The leading provider of In-Home Video EEG Testing in the United States hired Positronic in a consultative capacity to train deep learning models to diagnosis certain disease states in near real time. The stated goal of the client’s initiative is to improve the quality and data of neurophysiology studies. What follows is some information about the work we did to facilitate the goal of AI interpretation of EEGs. All of the work falls either under trade secrets or is now patent-pending. The discussion here is intentionally vague to honor NDAs and trade secrets.
The first major challenge to overcome is convert tens of years of human-generated data into data fit for consumption by a neural net. Humans are notoriously ambiguous. For example, would you label the following paragraph, taken without alteration from an actual clinical report, as normal or abnormal?

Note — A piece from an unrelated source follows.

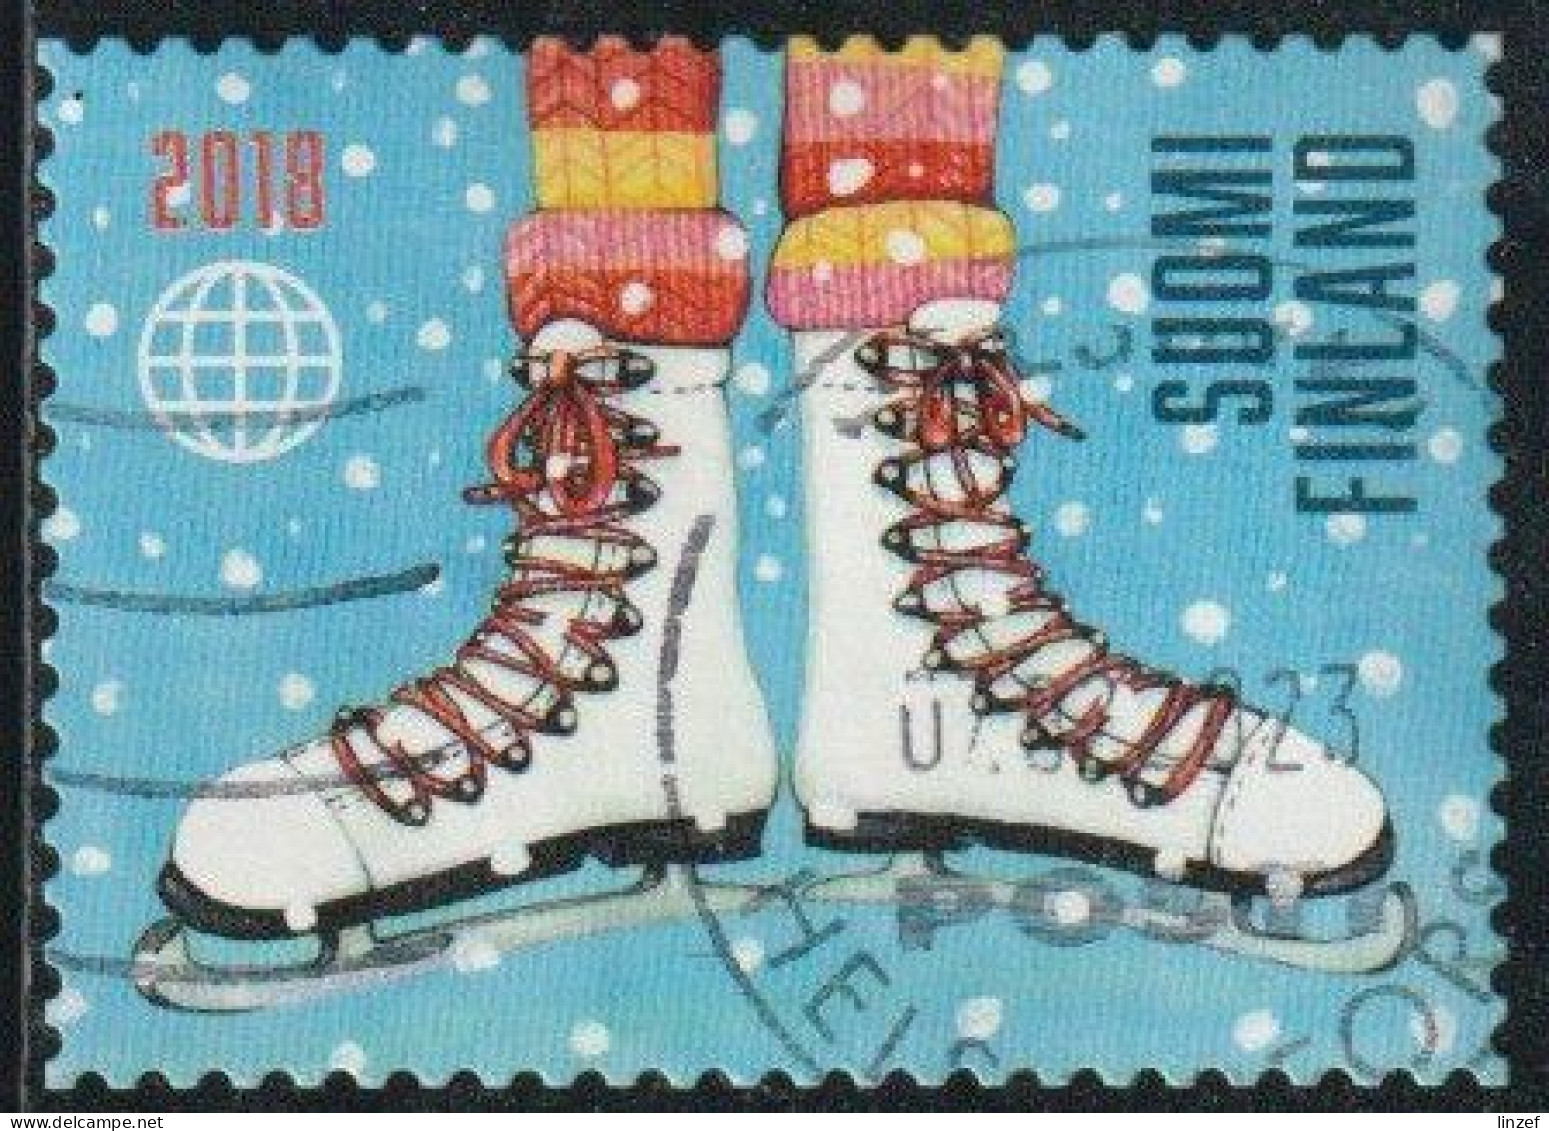 Finlande 2018 Yv. N°2573 - Noël - Patins à Glace - Oblitéré - Used Stamps

This study is normal. There were no interictal epileptiform discharges nor seizures recorded. This continuous video/EEG monitoring is abnormal due to the intermittent slowing of a posterior dominant rhythm and rudimentary polyspike discharges. There were no seizures recorded.
Existing NLP technologies, consisting of some combination of off-the-shelf libraries (notably Stanford CoreNLP) and convolutional-based neural networks, was critically deficient at classifying the narrative structure of the clinical reports. Positronic invented a novel new approach to NLP that successfully classified these reports with a greater than 98% accuracy (audited by certified neurologists).
The second major challenge to overcome was the raw data itself. Consider that each sample of data is an electroencephalogram (EEG) file segment of up to 72 hours of data taken at 200hz over 19 spatially-related channels. Compounding the challenge is that the signals that provide separation are varied, sparse, and not uniformly distributed. In fact, a signal may occur in less than single second within a single channel data, meaning or put another way, only a hundred data points out of more than a billion.
This third major challenge to overcome was that the compute power required to train this scale of neural net on this scale of data simply didn’t exist. In fact, we were invited by NVIDIA to train on two of their supercomputers (DGX-2) that they supplied for two months. It was their hope that they could use the success story in marketing literature for these half-million dollar machines. Over those two months even their team was unable to garner more than a 4x improvement over our more pedestrian hardware which came a tenth of the cost. You can read more about the effort and see screenshots here.
Ultimately, the solution to the problem was to develop new optimization tools, both inside and outside the architecture of the neural network itself. Applying these tools (patent-pending) resulted in 100x speed-up in processing time, making the training possible.
This fourth major challenge to overcome was that existing off-the-shelf neural network architectures were simply unable to learn. Positronic created 5 new novel neural network technologies, including but not limited to innovative pooling techniques, gradient descent improvements, sub-signal processing, and normalizations. All five of these technologies are going through the patent process.